▸ WHAT YOU HAVE TO DO: In the records below, the line with "Dockers Men's Braxton Oxford Shoe - Black, 9" and every line after it must be written out exactly; no pictures belong in the result.

(Stored entries)

----------------

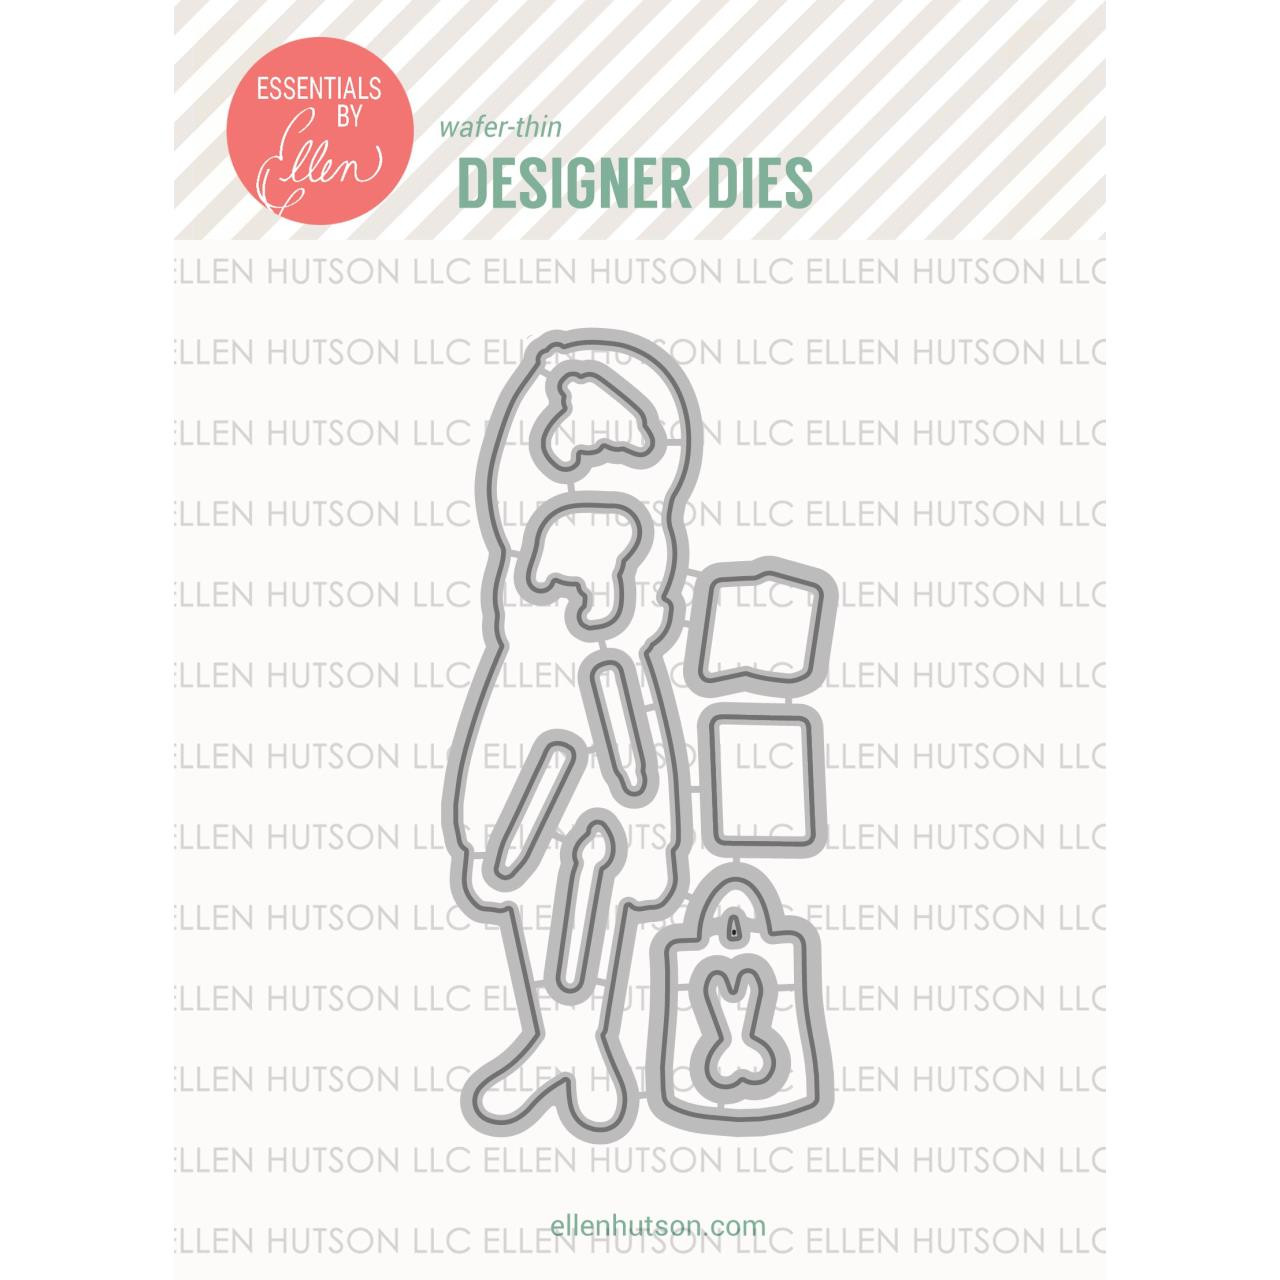 Essentials by Ellen Designer Dies, Leading Ladies - Crafty Lady by Brandi Kincaid -
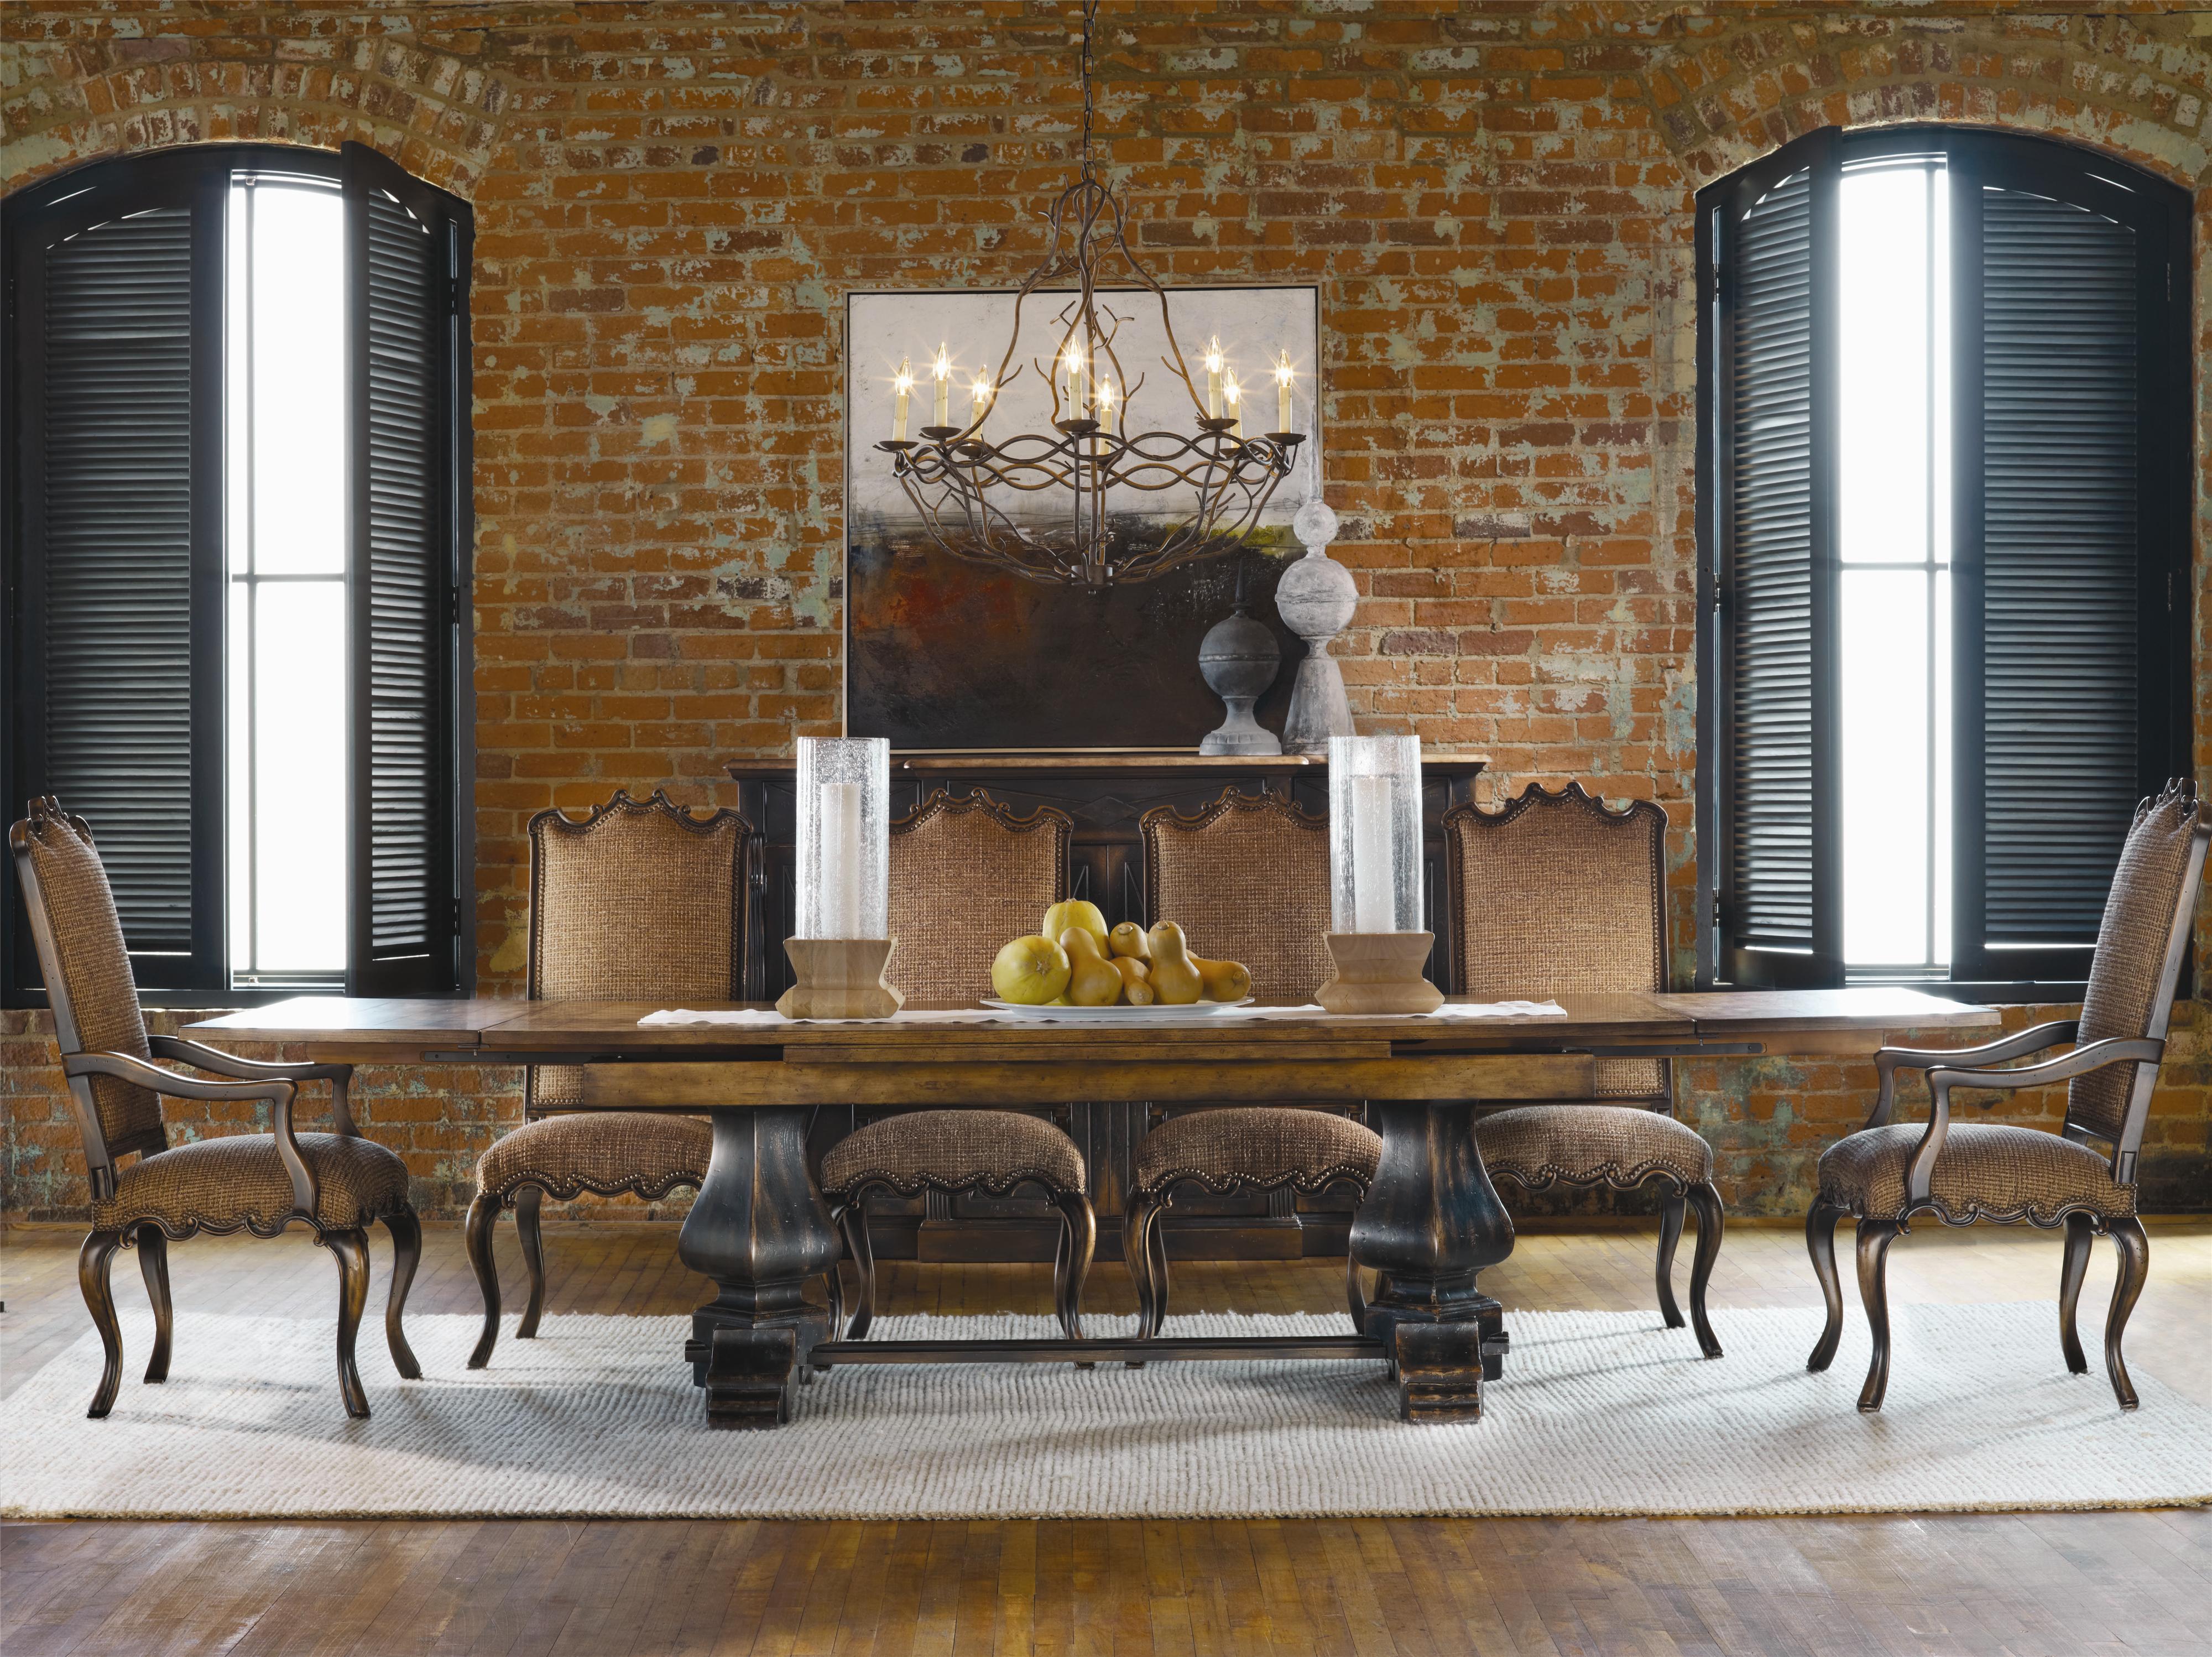 Hooker Furniture Sanctuary 7 Piece Table & Chair Set - Item Number: 3005-75207+2x200-351257+4x351258
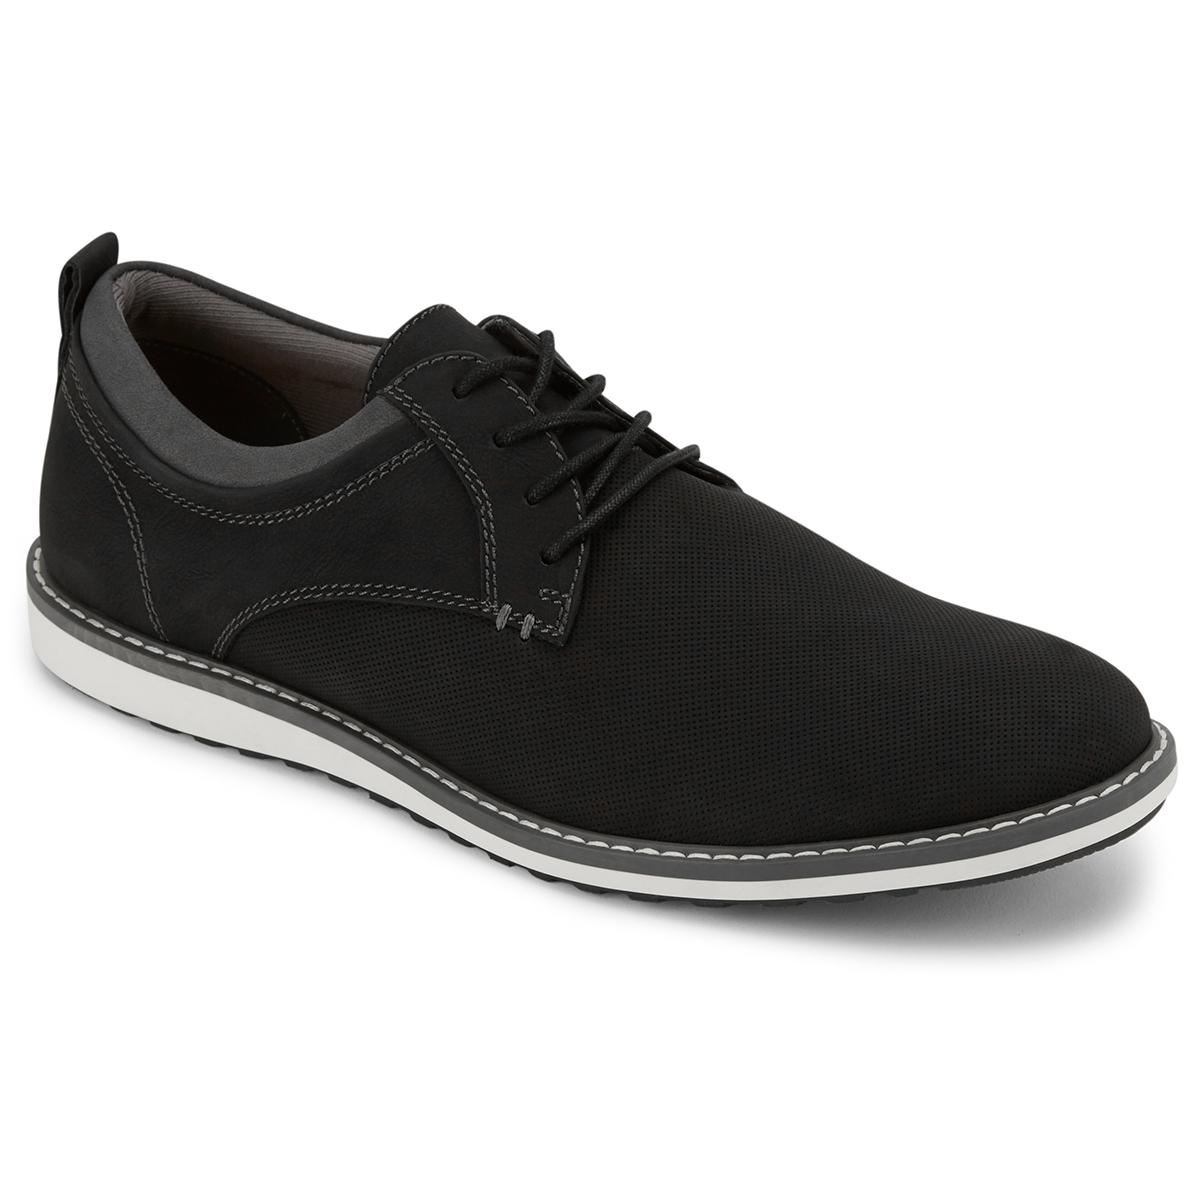 Dockers Men's Braxton Oxford Shoe - Black, 9
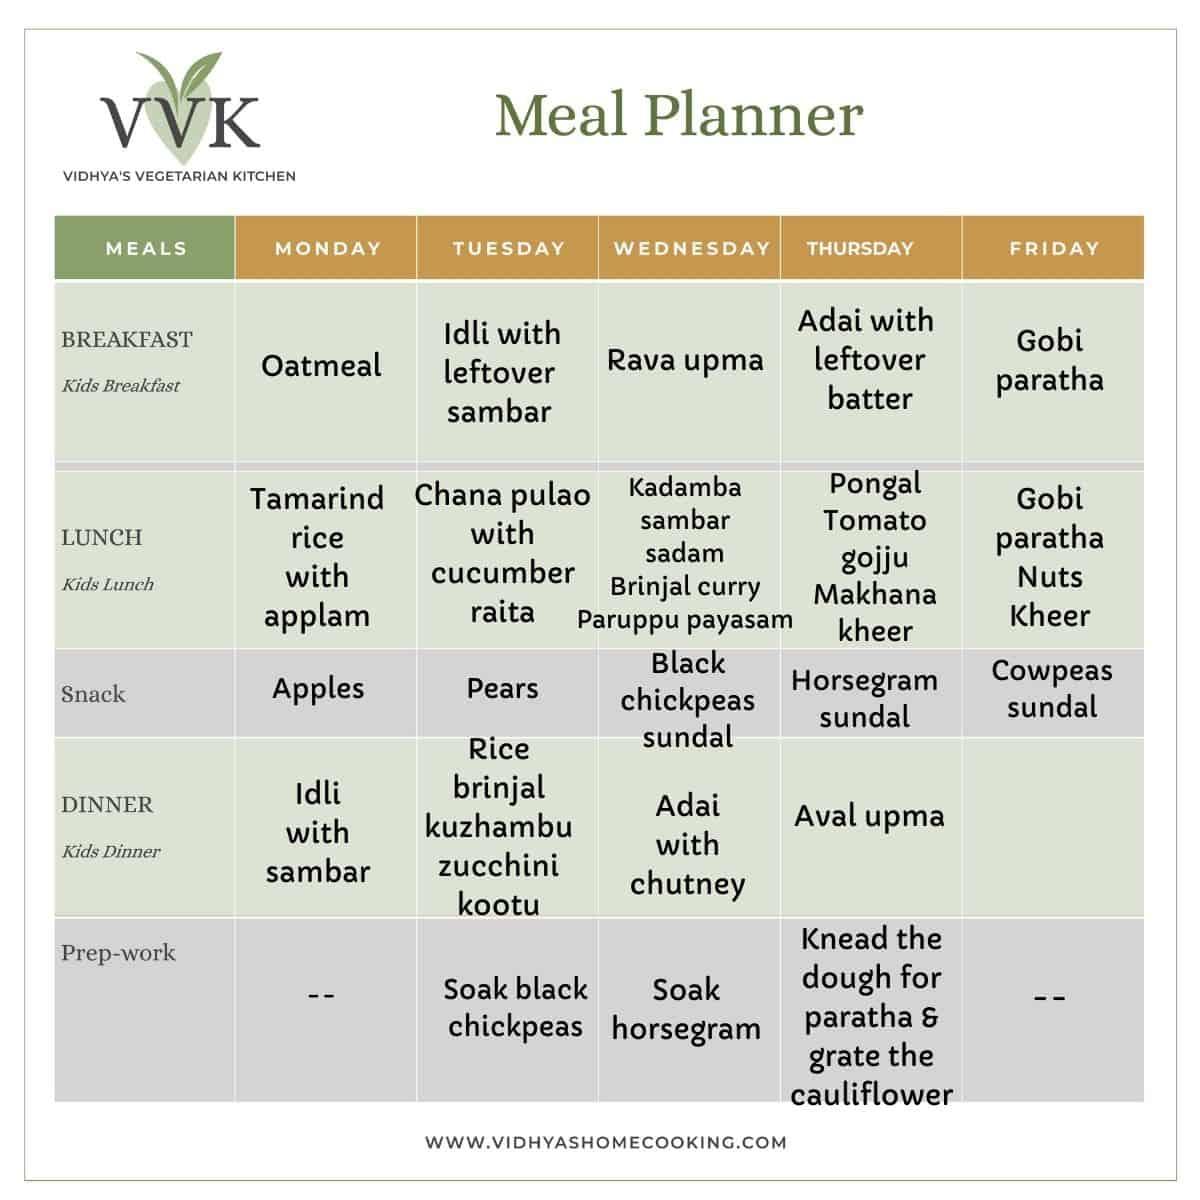 navratri-special weekly meal planner. VVK meal planner template.
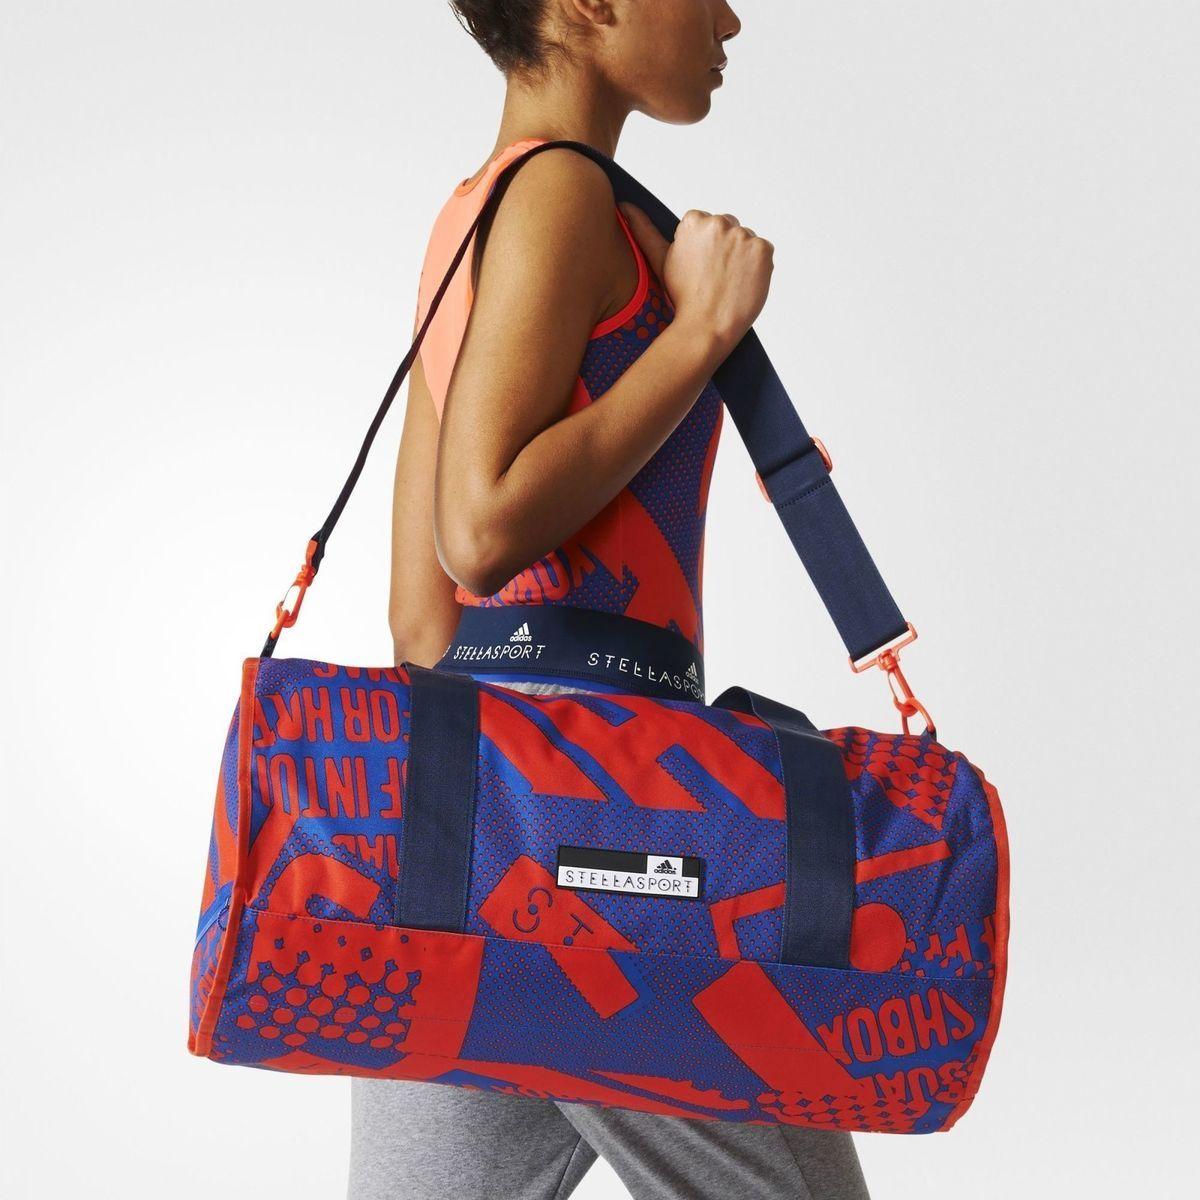 73df19cb54 Adidas StellaSport Graphic Team Bag

----------------

▸ EXERCISE ANSWER:
 Dockers Men's Braxton Oxford Shoe - Black, 9
 navratri-special weekly meal planner. VVK meal planner template.
 73df19cb54 Adidas StellaSport Graphic Team Bag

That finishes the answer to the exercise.